Information shown -
* * * *

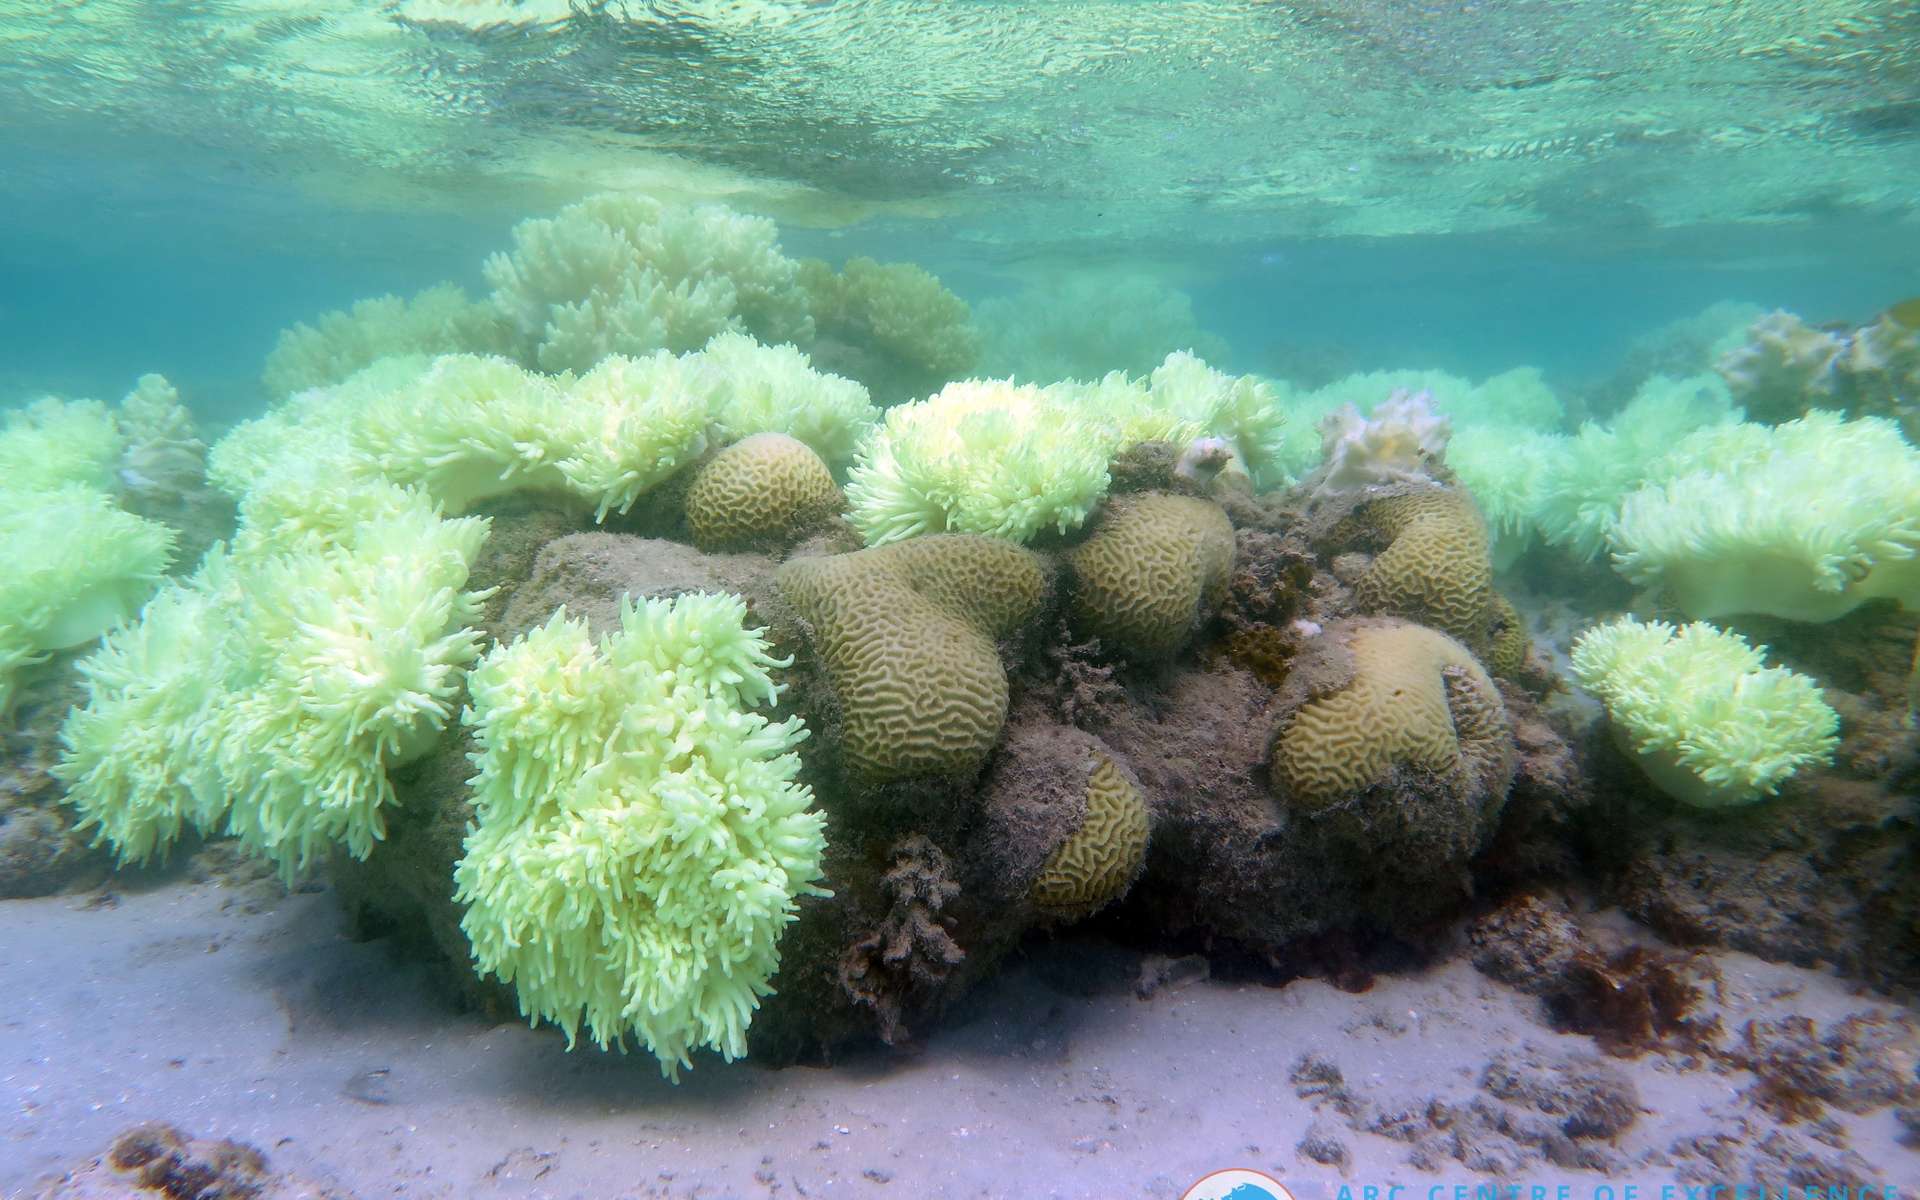 La Grande Barrière de corail est touchée par le blanchissement. Elle consiste en une longue série de récifs le long de la côte est de l'Australie, s'étalant sur plus de 2.600 km. Ceux-ci abritent une très grande variété d'espèces. © Dorothea Bender, Champ for ARC Centre of Excellence for Coral Reef Studies
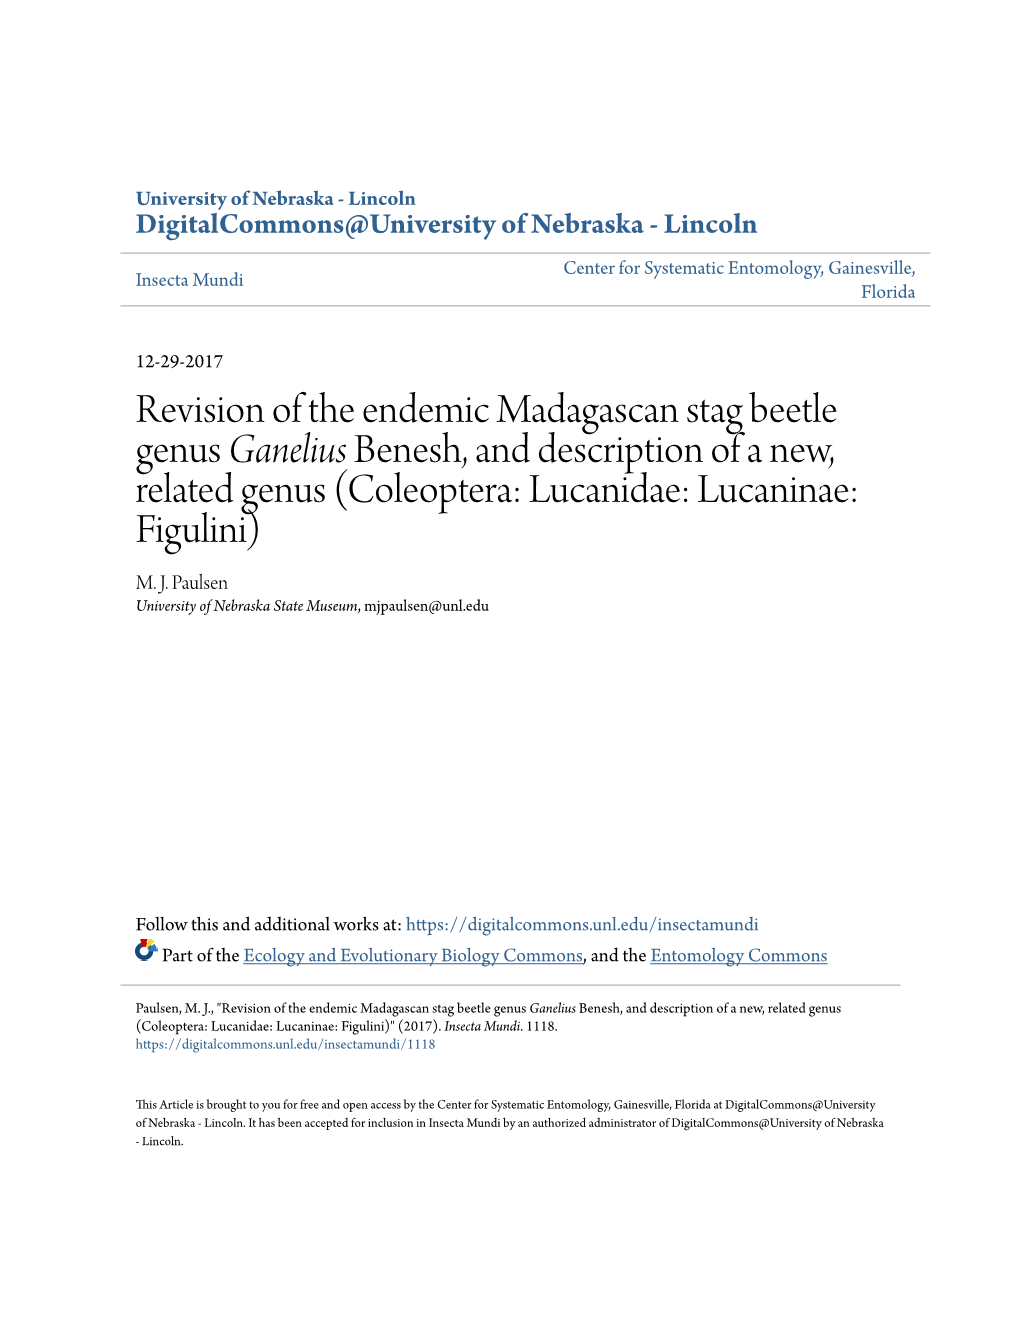 Revision of the Endemic Madagascan Stag Beetle Genus &lt;I&gt;Ganelius&lt;/I
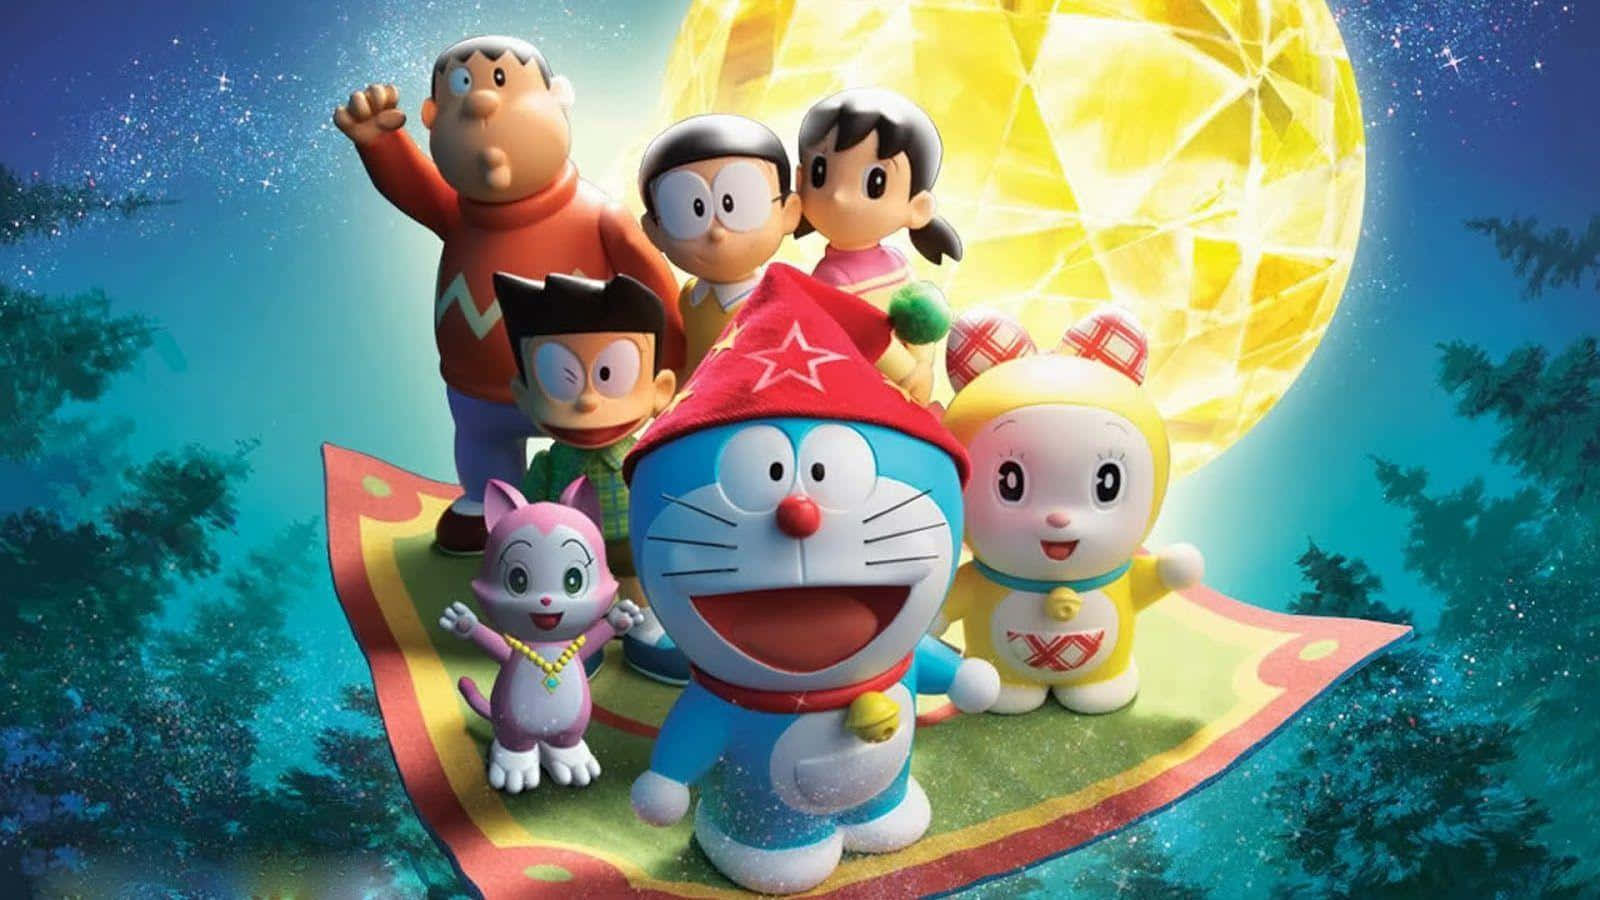 Doraemontrae Lecciones De Vida A Través De Su Creatividad De Corazón Cálido.

* * * *

Instructions to follow - Please print exactly the lines running from the line with "Revision of the" through the final line of the material, and nothing more. Keep pictures out.

Answer for the task -
 Revision of the Endemic Madagascan Stag Beetle Genus &lt;I&gt;Ganelius&lt;/I
 Doraemontrae Lecciones De Vida A Través De Su Creatividad De Corazón Cálido.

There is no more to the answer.